This is most likely the case I am inclining too. I was wondering if the UPDATE packets in EIGRP actually use the DF-bit option or respond to icmp packet-too-big messages. I did a debug and couldnt see any of these messages.If this is the case then to fix it I have 2 options I guess

1. I need to use a route-map to clear the df-bit and let the router fragment them

2. not use ip pmtu

3. Lower the TCP mss and ip mtu on the 3750  so that eigrp sends smaller packets. This will lead to more cef switching but atleast the eigrp packets go thru.

I have just come across another site 10 mins ago where the EIGRP packets are dropping. However the tunnel mtu seems to be 1462bytes here.

The tunnel destination router is a 3rd party router. However,we haven't used any "ip pmtu" or anything at our end. I am checkign with the 3rd party group to find about the settings on their pseudowire.

sw000010#ping 10.201.32.254 size 1462 df-bit

Type escape sequence to abort.

Sending 5, 1462-byte ICMP Echos to 10.199.32.254, timeout is 2 seconds:

Packet sent with the DF bit set

!!!!!

Success rate is 100 percent (5/5), round-trip min/avg/max = 1/7/9 ms

sw000010#ping 10.201.32.254 size 1463 df-bit

Type escape sequence to abort.

Sending 5, 1463-byte ICMP Echos to 10.199.32.254, timeout is 2 seconds:

Packet sent with the DF bit set

M.M.M

Success rate is 0 percent (0/5)

It's got about the same number of prfixes.
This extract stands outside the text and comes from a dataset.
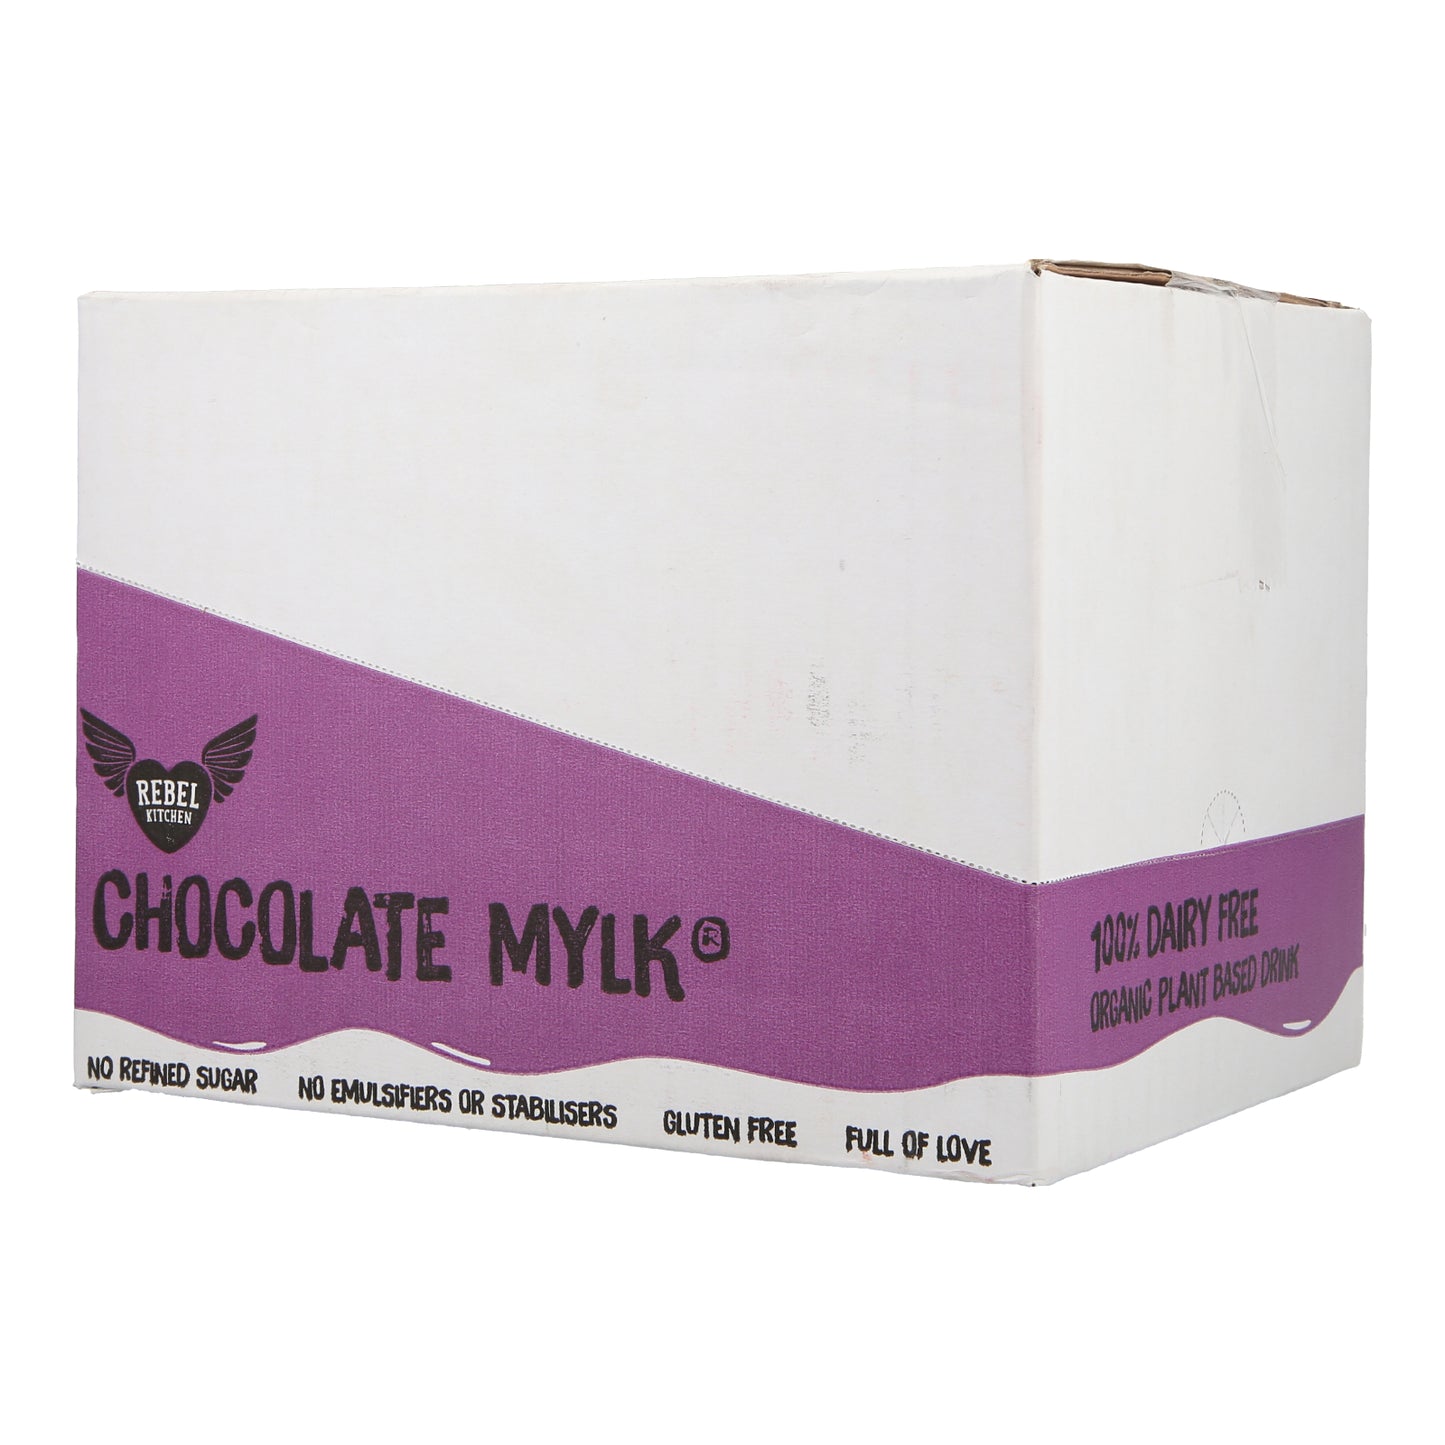 Chocolate Mylk

sw000010#sh ip eigrp topology  summ

EIGRP-IPv4 Topology Table for AS(1)/ID

Head serial 1, next serial 425049

979 routes, 0 pending replies, 0 dummies

EIGRP-IPv4:(1) enabled on 2 interfaces, 2 neighbors present on 2 interfaces

Quiescent interfaces:  Gi1/0/1 Po1

our end config on the pseudowire is pretty simple.

pseudowire-class xyz

encapsulation l2tpv3

protocol l2tpv3 l2-dyn

ip local interface Loopback0

interface GigabitEthernet0/0

description L2TPV3 Tunnel

no ip address

duplex auto

speed auto

media-type rj45

xconnect 10.1.1.2 1002 pw-class xyz

Will wait for your investigation and expert reply. Once again thanks heaps for all your help.

Regards,

Kishore

Highlighted

Hello Kishore,

I have just implemented a similar setup using Dynamips and 2691 12.4T IOSes, and it seems that I have created the flapping EIGRP scenario even without the ip pmtu command. I will definitely need more time to investigate what is going on, and preferably verify that on a real gear, too - Wireshark is not very helpful here because it incorrectly dissects the L2TPv3 packets (I guess I will have to modify the Wireshark L2TP dissector as well). However, I have noticed that the L2TP tunnel endpoints occassionally send an ICMP Time Exceeded for Reassembly messages to each other, as if some packet fragment was not delivered in due time and the original packet could not be reconstituted.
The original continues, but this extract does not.